1.1 What is EXPORT DATABASE?

EXPORT DATABASE is a built-in DuckDB command that exports the entire database (including table schemas, data, and indexes) into a complete SQL script file. The advantages of this approach include:

  • Standardized: The exported SQL can run on any compatible SQL engine
  • Readable: Exported files are plain text, easy to review and version-control
  • Highly portable: Does not depend on a specific file format

1.2 Full Backup Example

Assume we have an e-commerce analytics database ecommerce.duckdb:

DuckDB EXPORT Terminal Example

Figure: DuckDB EXPORT DATABASE terminal operation

-- Connect to DuckDB
$ duckdb ecommerce.duckdb

-- Inspect the current database structure
DuckDB> DESCRIBE ecommerce;

┌───────────┬──────────────────────┬─────────┐
  column          type             null   
├───────────┼──────────────────────┼─────────┤
 order_id   BIGINT                       
 user_id    BIGINT                       
 amount     DECIMAL(10,2)                
 status     VARCHAR                      
 created    TIMESTAMP                    
└───────────┴──────────────────────┴─────────┘

-- Perform a full export
EXPORT DATABASE '/backup/ecommerce_backup' (FORMAT CSV);

After exporting, you’ll see multiple files:

$ ls -lh /backup/ecommerce_backup/
total 1.2G
-rw-r--r-- 1 user user  45K orders.sql      -- DDL statements
-rw-r--r-- 1 user user 890M orders.csv      -- Order data
-rw-r--r-- 1 user user 230M users.csv       -- User data

1.3 Restoring the Database

-- Create a new database and import
$ duckdb restored_db.duckdb

DuckDB> INSTALL csv;
DuckDB> LOAD csv;

-- Restore by executing the exported SQL script
DuckDB> \i /backup/ecommerce_backup/orders.sql

1.4 Incremental Backup Strategy

For large databases, full exports can be expensive.
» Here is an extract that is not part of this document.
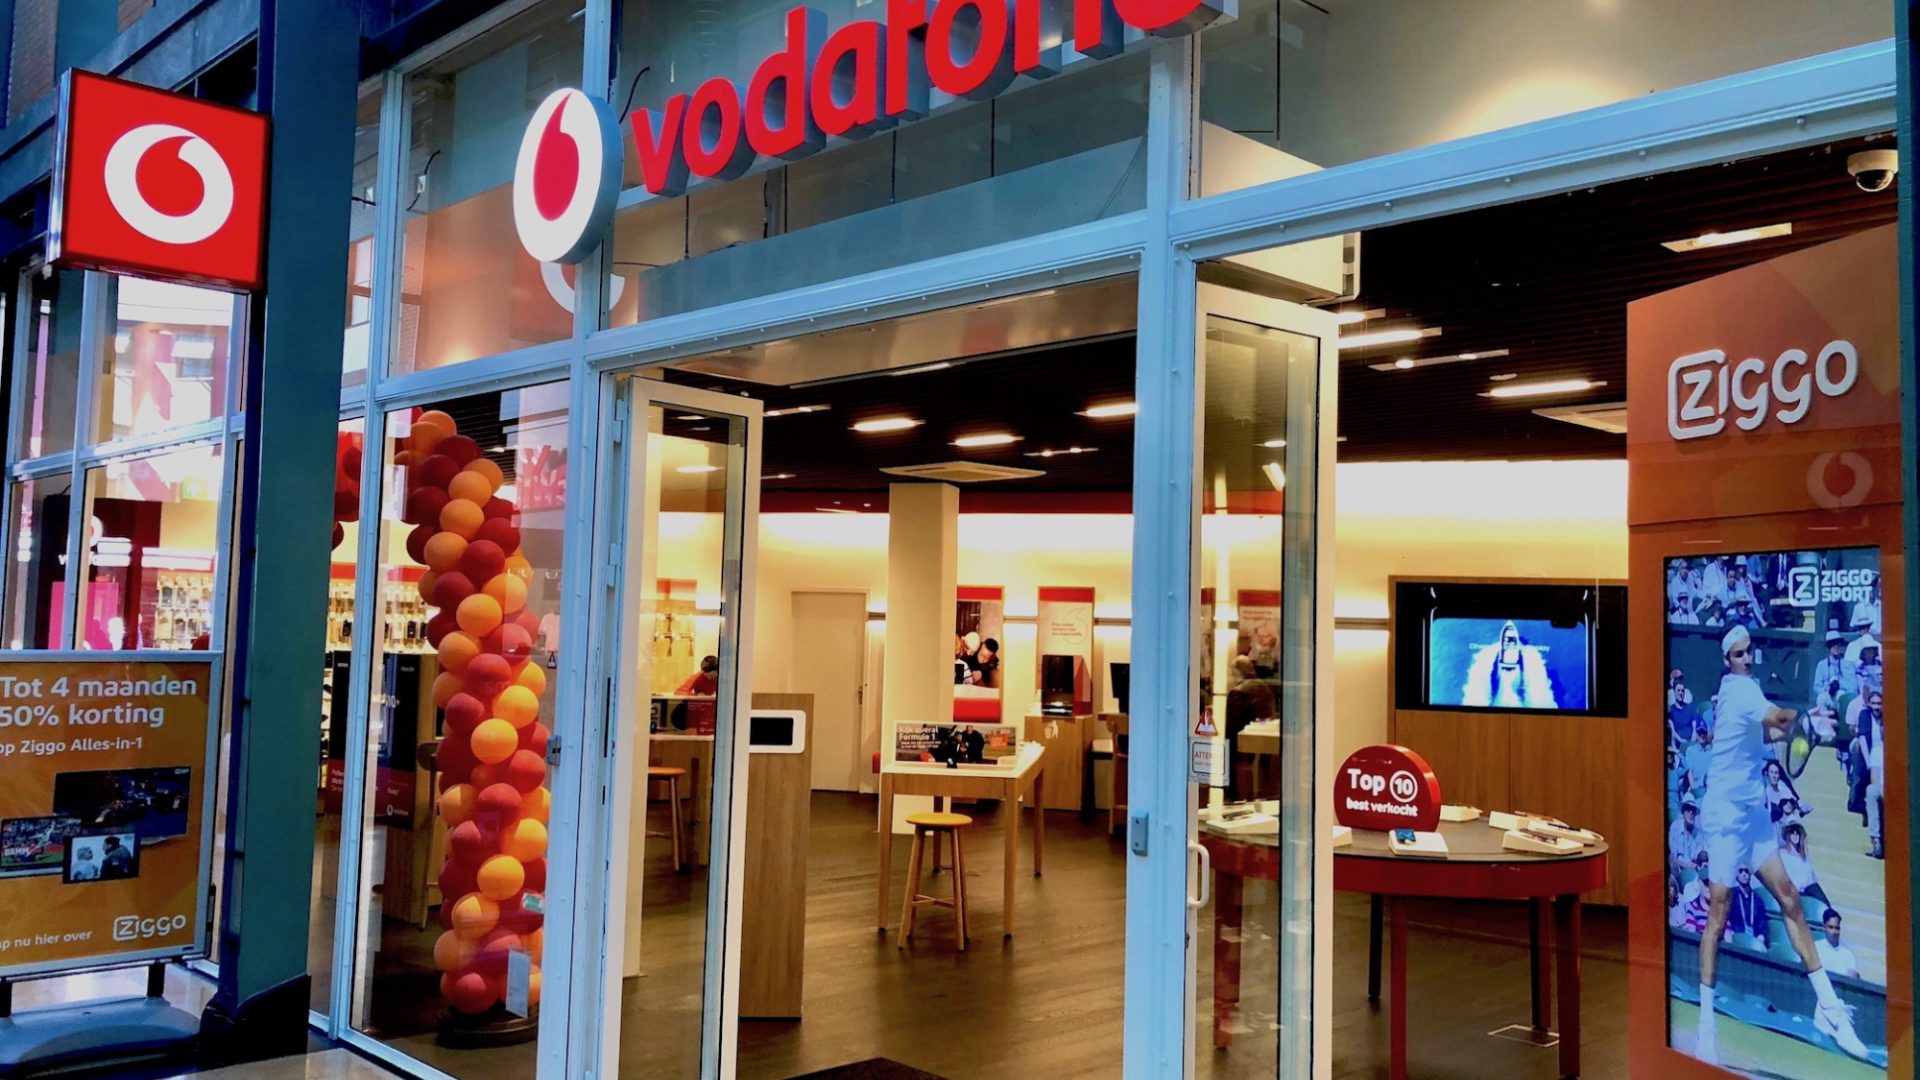 Vodafone Heerlen

We can leverage DuckDB’s time travel feature for incremental backups:

-- View historical versions
SELECT * FROM orders AS OF VERSION (
    SELECT MAX(version) - 1 FROM duckdb_tables()
) WHERE created > '2026-06-18';

-- Export only changed records
EXPORT (
    SELECT * FROM orders 
    WHERE updated_at > '2026-06-18 00:00:00'
) TO '/backup/incremental/orders_delta.csv' (FORMAT CSV);

2. Cross-Version Upgrades: Seamless Transitions

2.1 DuckDB Version Compatibility

DuckDB performs well in version compatibility, but note the following:

Upgrade DirectionSafe?Notes
Minor version (0.8.x → 0.9.x)✅ Usually safeBackup recommended before upgrade
Major version (0.9.x → 1.0.x)⚠️ Test requiredCheck breaking changes
Downgrade❌ Not supportedCannot read files from newer versions

2.2 Pre-Upgrade Checklist

-- 1. Check current version
SELECT version();
-- ┌──────────────────────────┐
-- │         version()        │
-- ├──────────────────────────┤
-- │ v0.10.3-native           │
-- └──────────────────────────┘

-- 2. Export database as insurance
EXPORT DATABASE '/backup/pre_upgrade_check';

-- 3. Record current extensions
SELECT name, version FROM duckdb_extensions();

2.3 Upgrade Procedure

# 1. Stop all write operations
# 2. Backup the database file
cp ecommerce.duckdb ecommerce.duckdb.bak

# 3. Download the new DuckDB version
wget https://github.com/duckdb/duckdb/releases/download/v1.1.0/duckdb_cli-linux-amd64.zip
unzip duckdb_cli-linux-amd64.zip
chmod +x duckdb

# 4. Open the database with the new version (auto-migrates)
./duckdb ecommerce.duckdb

# 5. Verify data integrity
SELECT COUNT(*) FROM orders;
SELECT COUNT(*) FROM users;

Key Tip: The .duckdb file format may not be compatible across major versions. Always follow the principle of backup first, upgrade second.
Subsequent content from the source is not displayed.